Well, if she’s going to play the woman’s card then there’s nothing I can say, is there?
She said a great line about a hedgehog which I’ll definitely use.
Dear Penny
Carl came into work today. He had to sign some contracts. We hardly spoke. He smiled a nice smile but then went straight into Sheila’s office. It’s what he said he’d do in his note and absolutely the right and proper thing, but I can’t deny it gave me a jolt. A very large part of me desperately wished he’d stopped and had a chat, you know, just about inconsequential things. Of course, I must never forget that the last time we saw each other we kissed, long and hard, in fact. And Carl is right: that’s a fire which must definitely not be fed. All the same, I did wish he’d felt able to say more than a perfunctory “hello”. Except he is right, I know that. I mean basically I’ve already been a bit unfaithful to Sam. I mean not really, of course, but a bit, and that’s terrible. Let’s face it, if I discovered that he’d been pashing on with someone at work, even if it was only once, and totally out of character, I’d still be pretty bloody angry, to say the least.
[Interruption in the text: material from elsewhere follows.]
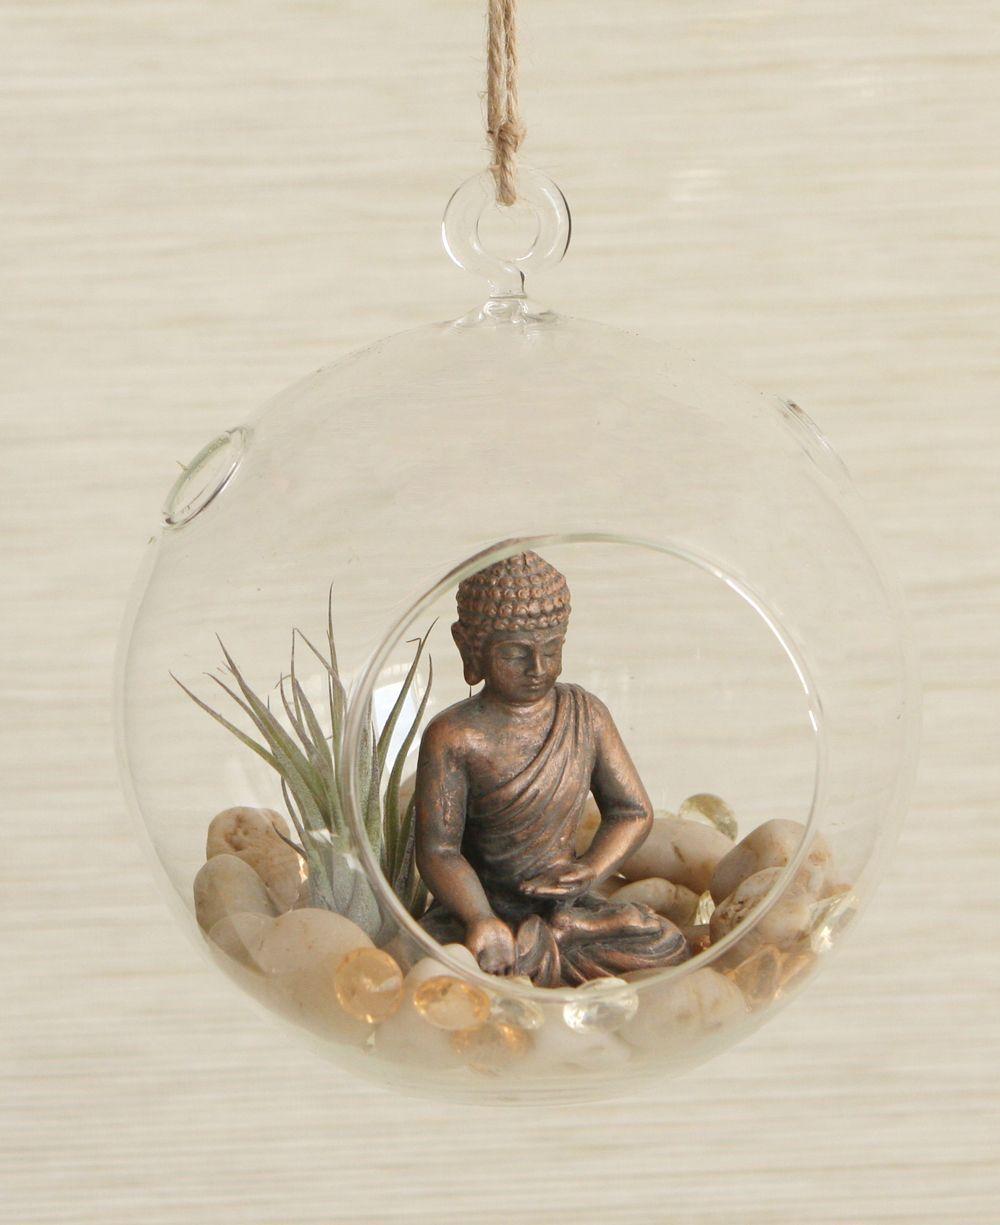 65 Philosophic Zen Garden Designs: Sparkling Buddha Globe Terrarium
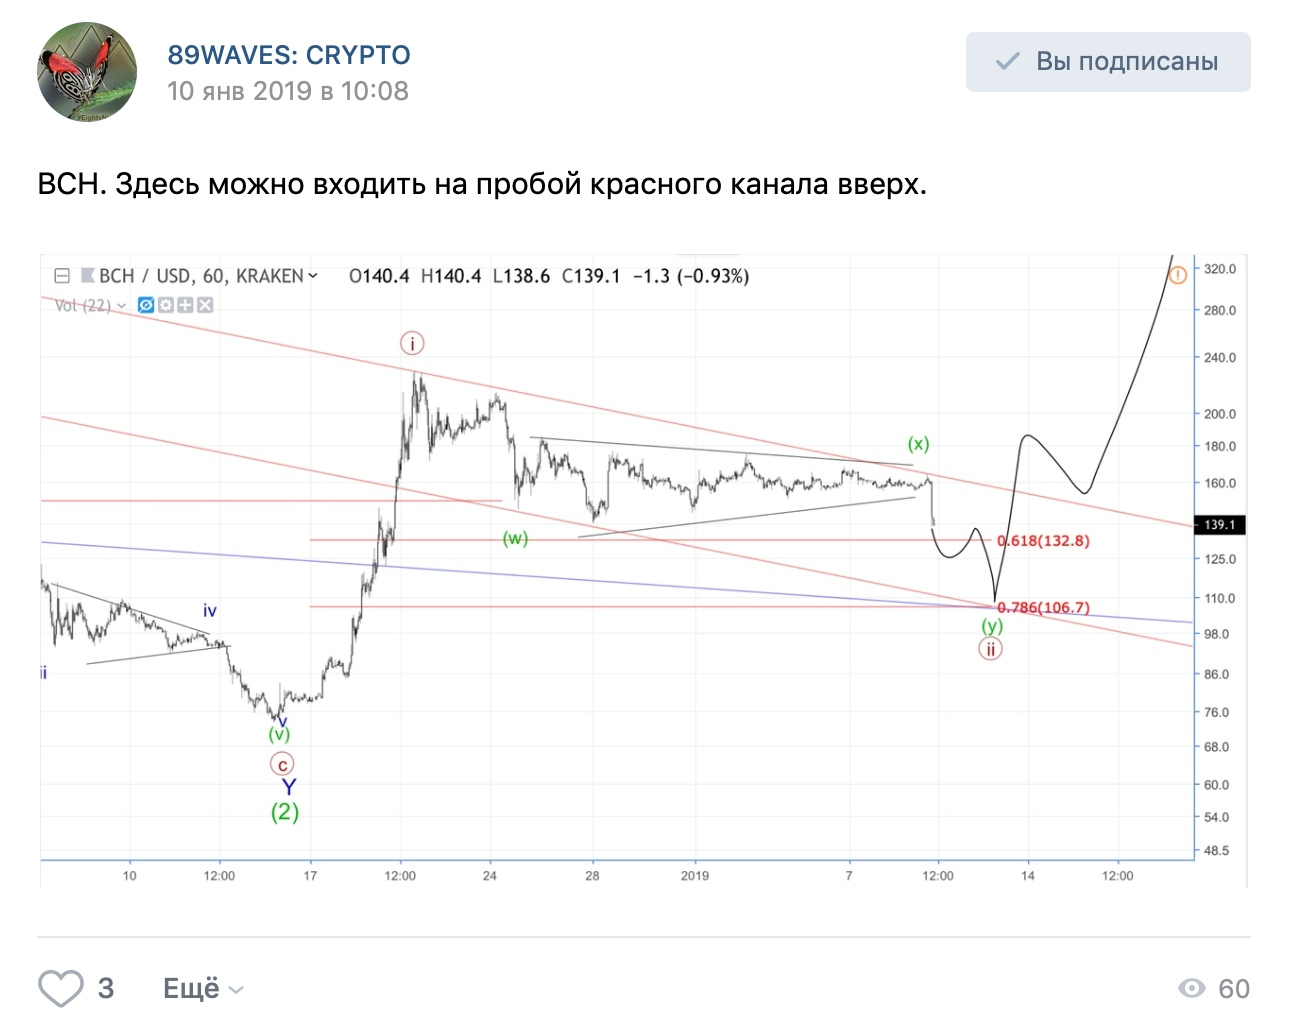 Волновой анализ USD/CHF, Сбербанка и BCH/USD.

I don’t know what I’d do but I do know I’d be terribly upset.
Dear Book
Well, I must say that this morning has to rank as one of the more gruesome mornings of my life.
Communal masturbation in West London.
Actually that makes it sound better than it was. It makes it sound friendly and inclusive, like a dance or a musical. Dale Winton and Bonnie Langford in Communal Masturbation in West London .
It wasn’t friendly or inclusive at all.
My God, it was grim. They say they’ll see you any time between nine and twelve but Trevor told me to get there at least fifteen minutes before the place opened, as a queue develops. Trevor is an old hand at the sperm test game (ha ha ha), because when he donated to those lesbians they insisted that he have his sperm checked out first. Actually Trevor felt slightly offended about that and accused them of social engineering and trying to create a lesbian master race. The lesbians said that before they wasted a perfectly good turkey baster they wanted to check that his sperm weren’t all immotile, two-headed or dead. Charming, I must say, but I believe people can be very frank in the lesbian community. It comes from years of having to be politically and socially assertive.
Anyway, there must be a lot more wankers around than in Trevor’s day, because although I slunk in at eight-forty there were already four blokes ahead of me. All sitting about in this depressing waiting room with posters about the dangers of smoking all over the place. I can’t imagine why they have such an obsession with smoking in a masturbating facility. Perhaps some blokes have been having a cigarette after they ejaculated?